Эту схему обсуждать уже давно не приходилось, — она была одобрена партией. Однако Ксения Карловна иногда мысленно восстанавливала весь круг мыслей: схема и успокаивала ее, и ласкала в ней своей стройностью чувство красоты.
Карова мужественно-стыдливо говорила ближайшим партийным друзьям, что свою новую должность она приняла «не без тяжелой внутренней борьбы». И в самом деле, когда Ксении Карловне неожиданно предложили занять важный пост в Чрезвычайной Комиссии, она немного смутилась и попросила несколько часов на размышление. Размышлять ей в сущности было не о чем: за Карову, как почти за всех ее партийных товарищей, неизменно размышляла двадцатилетняя груда брошюр. Смутным, почти бессознательным воспоминанием о чем-то в этой груде была и самая просьба о нескольких часах на размышление. И когда вожди проникновенно говорили Каровой, что, предлагая ей боевой пост, особенно ответственный при создавшейся конъюнктуре, партия требует от нее жертвы, — это также было из брошюрной груды.

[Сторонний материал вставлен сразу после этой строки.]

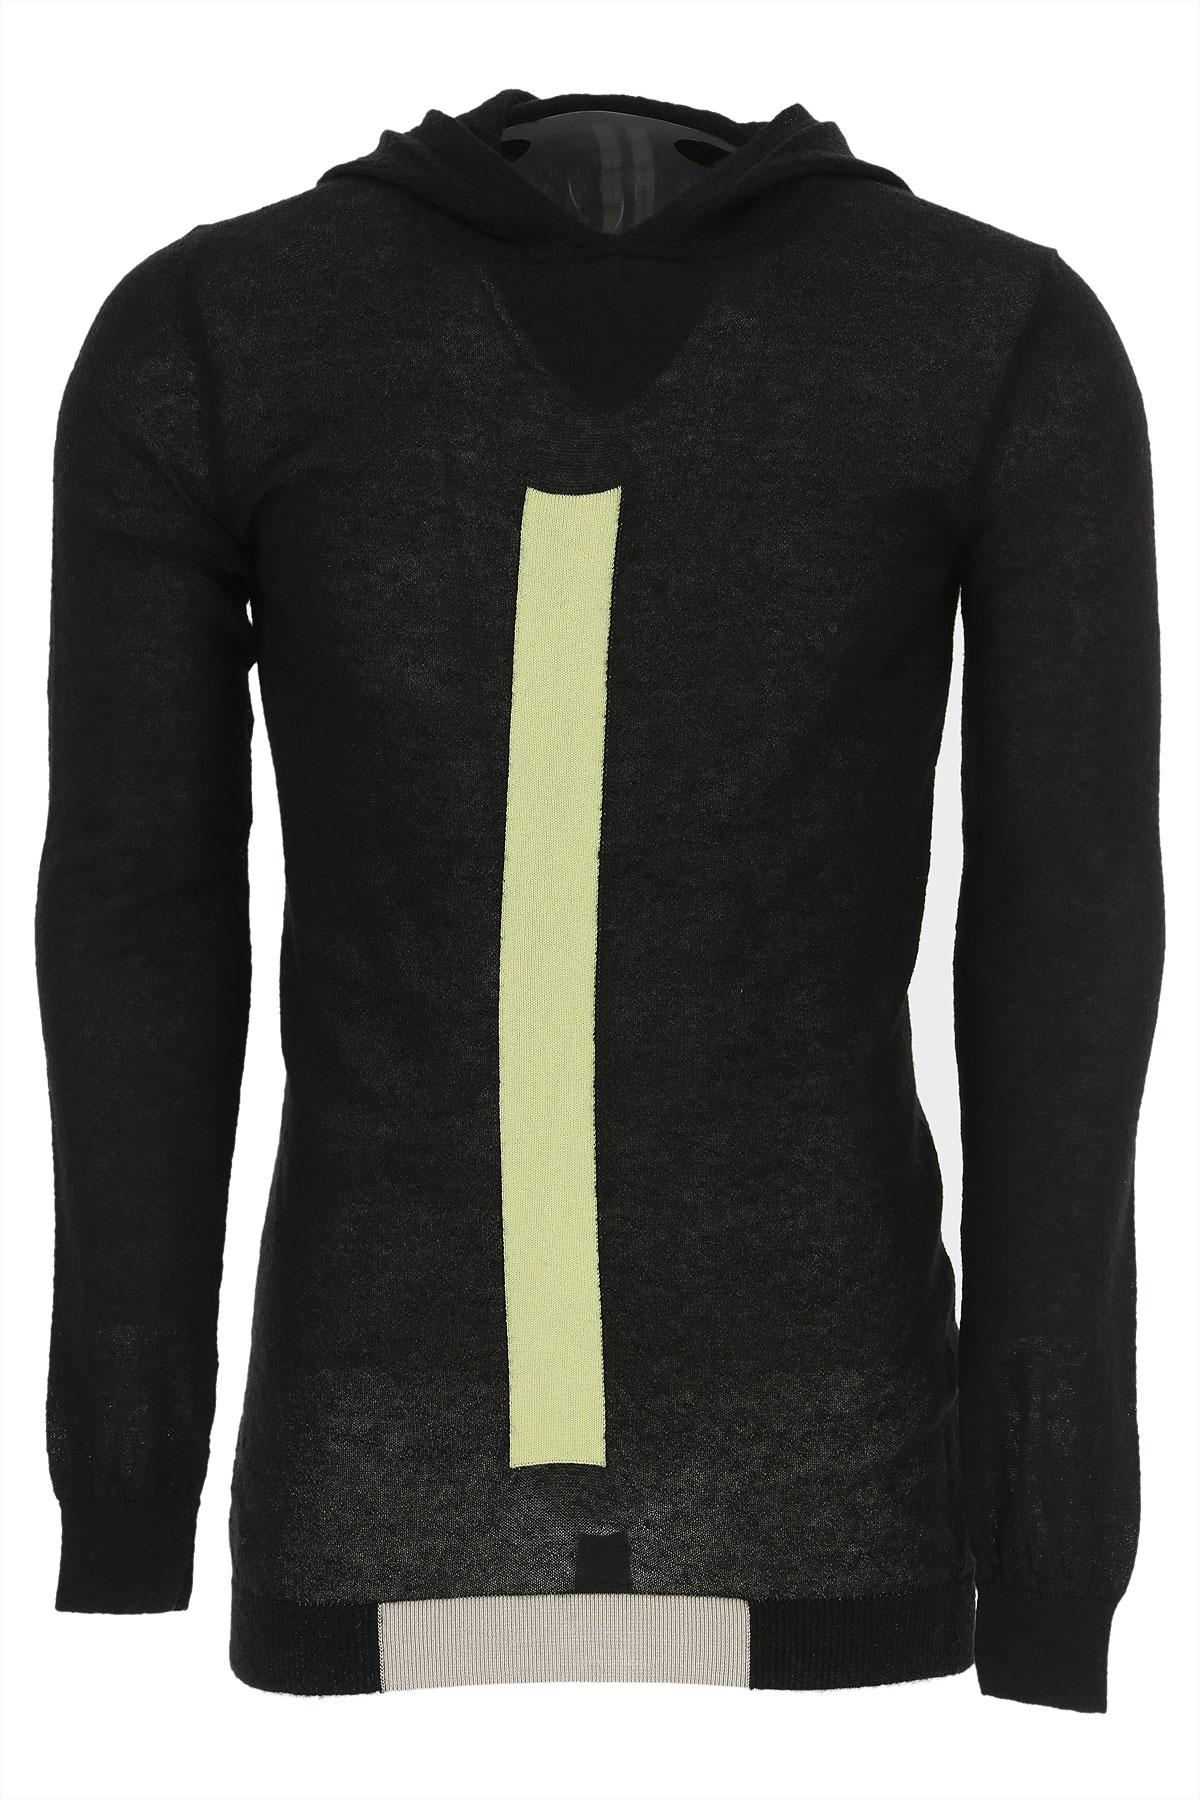 Rick Owens Sweater for Men Jumper On Sale in Outlet, Black, Baby Alpaca, 2019, L M S

Прежде, работая в Коллегии по охране памятников искусства, Ксения Карловна руководилась другой схемой, тоже одобренной партией: пролетариат должен обогатить свою сокровищницу лучшим из того, что создало искусство буржуазного класса. Новая схема была менее привлекательна, но гораздо более драматична; Ксения Карловна очень любила драму. После нескольких часов размышлений, выйдя победительницей из внутренней борьбы, Карова заявила вождям, что видит в сделанном ей предложении доказательство высшего партийного доверия и не считает себя в праве отказаться. Об этом говорили в ответственных кругах, — Ксения Карловна знала, что говорят о ней с восхищением.
Между Каровой и ее единомышленниками непрерывно шел духовный ток, отчасти и составлявший грозную силу партии. То, что понимал Ленин, понимали все его ученики, от светочей теории до рядовых работников, — разве только ученики понимали это с небольшим опозданием, которое весьма способствовало культу учителя. На верхах партии, собственно, не очень интересовались вопросом, почему Карова согласилась пойти в Чрезвычайную Комиссию. Однако там немедленно выделился подновленный образ Каровой. Прежде всего этот образ выделился в ее собственном сознании и облекся в форму партийного некролога. В уме Ксении Карловны замелькали обрывки фраз, доставлявшие ей и моральное, и психологическое, и в особенности эстетическое удовлетворение: «…Но под этой суровой личиной скрывалось нежное любящее сердце»… «В этом хрупком теле шил мощный дух борца за лучшее будущее»… «Внешняя суровость в отношении врагов пролетариата была лишь самоотверженно принятой маской, прикрывавшей у Каровой доброту, застенчивость, тончайшую духовную стыдливость…» Разумеется, никто из партийных товарищей не сочинял некролога Ксении Карловне; но соединявший их всех умственный ток был столь силен, что, если б любому из них действительно пришлось писать ее некролог, то он у всех непременно вылился бы именно в эти выражения.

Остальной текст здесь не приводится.